Eventually, most people with any type of chronic lung disease will find themselves taking an anti-inflammatory medication at some point in their treatment. Anti-inflammatory medications improve breathing by reducing swelling of the air passages. Some anti-inflammatory medications are taken for short periods to help speed recovery when a patient has a respiratory infection or other problem causing a flare-up of breathing difficulty. Some anti-inflammatory medications are taken long-term to help prevent swollen air passages and improve lung function.
Corticosteroids vs. Anabolic Steroids
Before we go any further, let’s clear up some confusion that many people have about the term “steroids." The steroids used in the treatment of lung disease are corticosteroids, which are very different substances than the anabolic steroids that we sometimes hear about athletes abusing.
Corticosteroids: Medications that imitate the effects of a hormone produced in the adrenal gland called "cortisol," which has many functions in the body including fighting stress and reducing inflammation.
Anabolic steroids: Synthetic versions of male sex hormones that increase male characteristics.

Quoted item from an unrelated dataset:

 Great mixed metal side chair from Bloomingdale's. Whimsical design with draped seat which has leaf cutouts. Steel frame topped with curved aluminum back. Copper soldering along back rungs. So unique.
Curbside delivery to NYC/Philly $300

Athletes sometimes use them illegally to increase muscle mass and strength. There are legitimate medical conditions for which anabolic steroids may be prescribed, but lung disease is not one of them.
Oral Corticosteroids
Oral steroids, such as prednisone, prednisolone or methylprednisone, are sometimes prescribed to people with cystic fibrosis (CF) for short-term treatment. They are not recommended for long-term therapy because of the potential for serious side effects including:
- Growth retardation in children
- Diabetes
- Cataracts
- Osteoporosis
- Decreased ability to fight lung infections, such as the potentially deadly Pseudomonas aeruginosa
Inhaled Steroids
Inhaled steroids, such as Qvar (beclomethasone), Pulmicort (budesonide) and Flovent (flucticasone), are delivered directly to the lungs and have less side effects than oral steroids. Studies have not shown any particular benefit of long-term inhaled steroids for people with cystic fibrosis, though, so the Cystic Fibrosis Foundation advises against the routine use of inhaled steroids in people with CF unless they also have asthma.
Non-Steroidal Anti-Inflammatory Drugs (NSAIDS)
As the name implies, NSAIDs are a group of anti-inflammatory medications that do not contain steroids. NSAIDs do not carry the same risk of side effects as steroidal anti-inflammatory medications, but with long-term use, they may cause internal bleeding or kidney problems.
Ibuprofen, which is sold over the counter and by prescription, is an NSAID that has been shown to slow the loss of lung function with long-term use in people with cystic fibrosis. Since the potential benefit of ibuprofen is greater than the risk of serious side effects, the Cystic Fibrosis Foundation recommends long-term use of prescription-strength ibuprofen as a treatment option for people with cystic fibrosis who are at least 6 years old and have an FEV1 of 60% or greater.
Important: Do not take over-the-counter ibuprofen for long-term treatment of cystic fibrosis without first consulting your physician.
Source:
Flume, P., et al. “Cystic Fibrosis Pulmonary Guidelines: Chronic Medications for Maintenance of Lung Health." Am. J. Respir. Crit. Care Med. 2007. 176: 957-969. 31 August 2008.